With regard to caspase-8, however, G1/G3 Zipper differs from both G1 and G3. For example, while G1/G3 Zipper, G1, and G3 all activate caspase-8, G1/G3 Zipper does not depend on it to induce apoptosis. In contrast, G1 depends on caspase-8 at both early and late time points, whereas G3 depends on it only at a later time point.

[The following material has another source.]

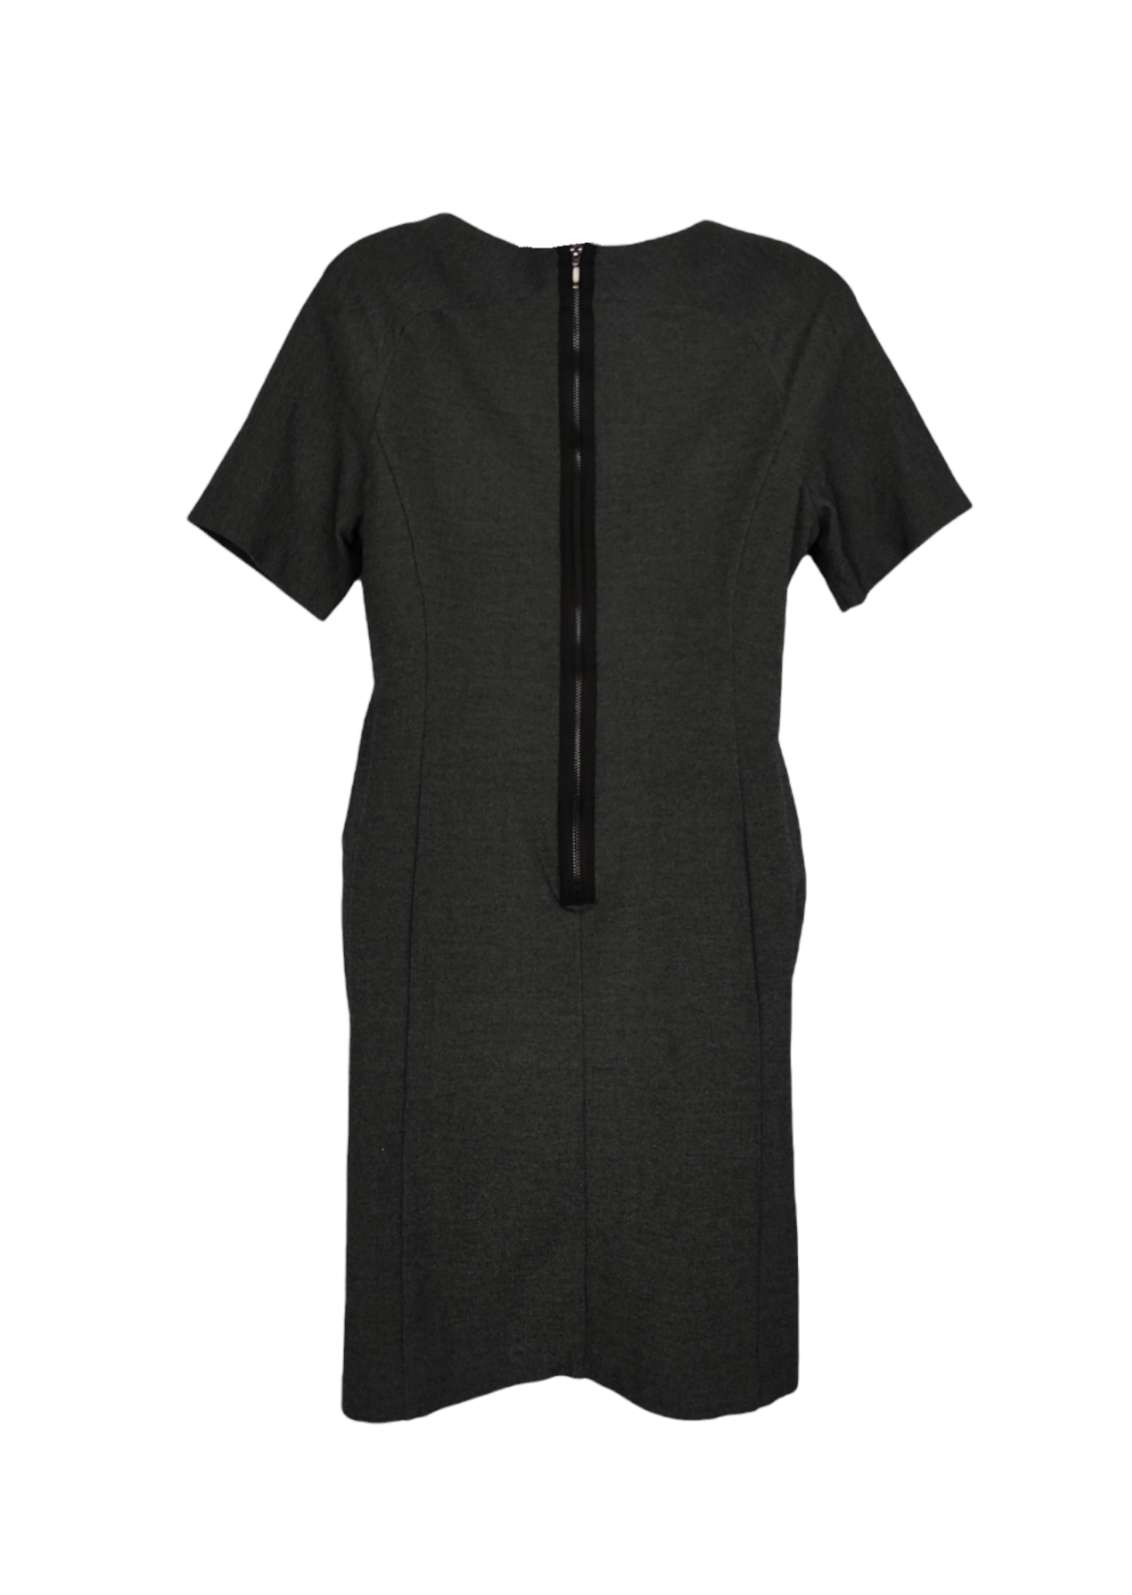 Midi Ελαστικό Φόρεμα PHASE EIGHT σε Ανθρακί Χρώμα (Large)

The role of JNK activation in G1/G3 Zipper signaling is more similar to its role in G3 signaling than G1 signaling. In particular, inhibition of JNK activation weakly increased the activity of G1/G3 Zipper at an early time point, but weakly decreased it at a late time point. In contrast, JNK inhibition strongly potentiated G3 activity at an early time point and significantly decreased it at a late time point, whereas JNK inhibition only decreased G1 activity at a late time point. This latter observation was consistent with a previous report which demonstrated that G1 induces Jurkat T cell death via activation of JNK and, in turn, c-Jun and AP-1 (Brandt et al., 2010). These observations suggest that G1/G3 Zipper does not induce apoptosis exclusively through G1-related pathways, which contrasts with our hypothesis. Instead, these data suggest that the G3 domains of G1/G3 Zipper are active as extracellular signals, but that their activity is diminished when compared to the native protein, which may be due to differences in carbohydrate-recognition domain valency.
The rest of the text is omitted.